Derrière venaient les serviteurs et les charrettes. Personne ne comprenait pourquoi Rand avait envoyé tous les chariots avec les autres et il n’avait pas l’intention de s’expliquer, sachant que des oreilles indiscrètes auraient pu écouter. On voyait ensuite la longue file de chevaux de remonte conduits par des palefreniers, et les rangées désordonnées de fantassins en plastrons cabossés mal ajustés, ou en justaucorps de cuir sur lesquels étaient cousus des disques métalliques rouillés, armés d’arcs, d’arbalètes ou de lances, et même parfois de piques. Puis suivaient d’autres soldats qui avaient obéi à l’appel du « Seigneur Brend » et avaient décidé de ne pas rentrer chez eux désarmés. Leur chef était celui avec lequel Rand avait parlementé à la lisière du bois, un certain Eagan Padros, plus intelligent qu’il en avait l’air.
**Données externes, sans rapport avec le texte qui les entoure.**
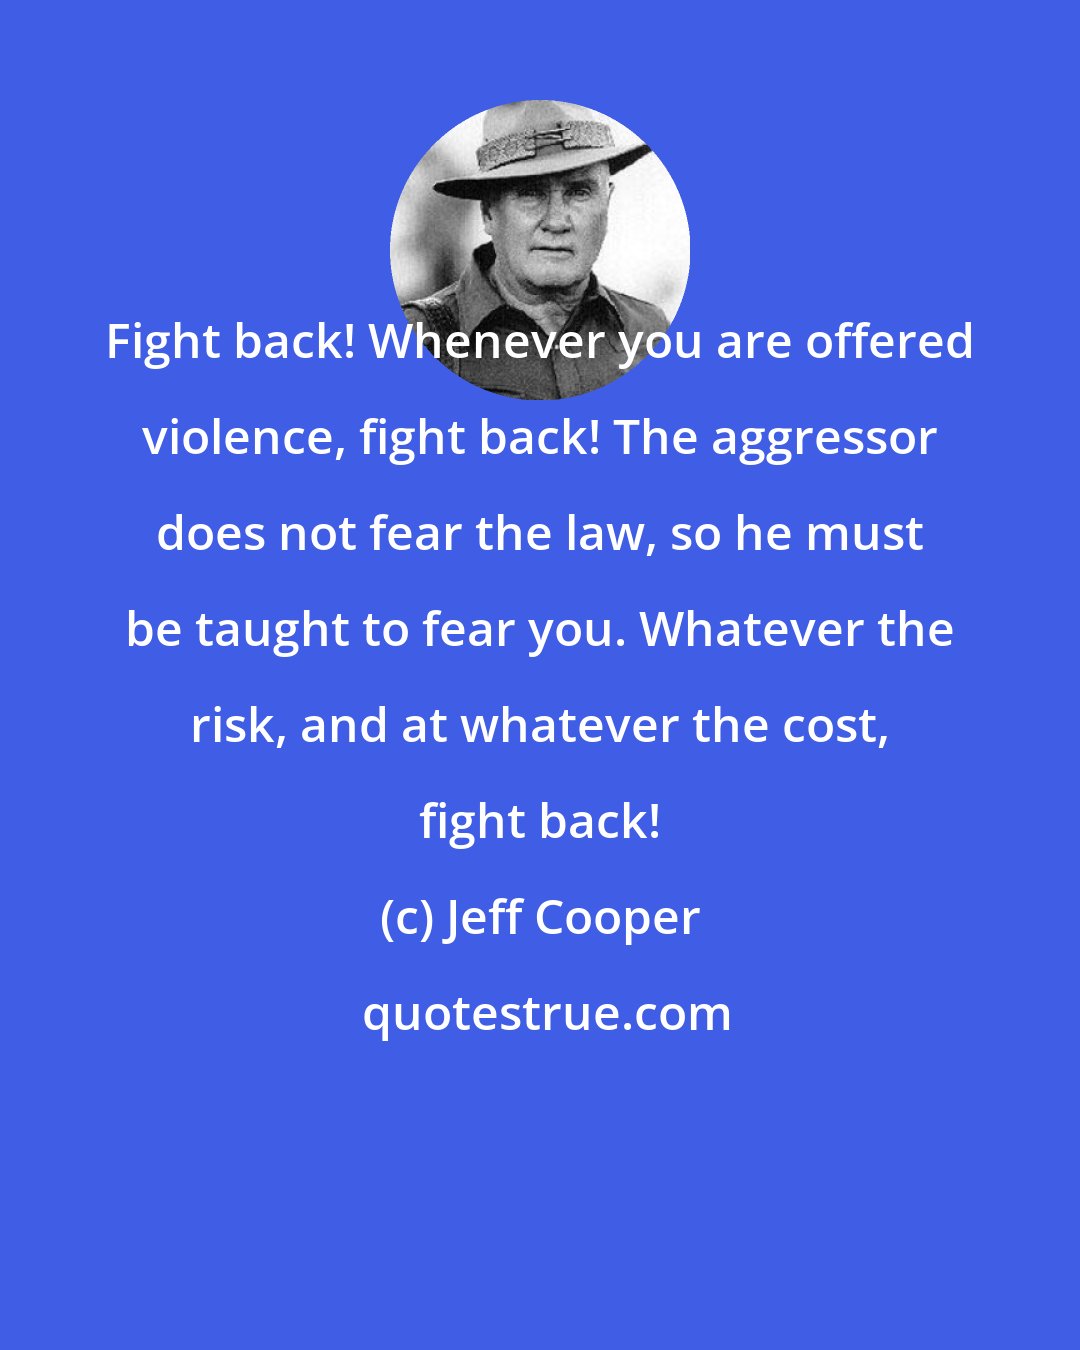 Jeff Cooper: Fight back! Whenever you are offered violence, fight back! The aggressor does not fear the law, so he must be taught to fear you. Whatever the risk, and at whatever the cost, fight back!

Presque partout, il était difficile pour un roturier de s’élever en grade, mais Rand avait remarqué Padros. Il avait rassemblé ses hommes d’un côté, mais les autres marchaient en désordre, se bousculant pour mieux voir où ils allaient. La Chaussée de l’Étoile du Nord s’étirait sur des miles, droite comme une flèche, à travers les marais brunâtres entourant Illian. Cette large voie de terre battue était entrecoupée de ponts plats en pierre. Le vent du sud apportait l’odeur du sel et une légère puanteur de tannerie. Illian était une vaste cité, aussi grande que Caemlyn ou Cairhien. Des toits aux tuiles multicolores et des centaines de tours luisant au soleil étaient apparus à travers cette mer végétale, où pataugeaient des grues à longues pattes et que rasaient des vols d’oiseaux blancs en poussant des cris stridents.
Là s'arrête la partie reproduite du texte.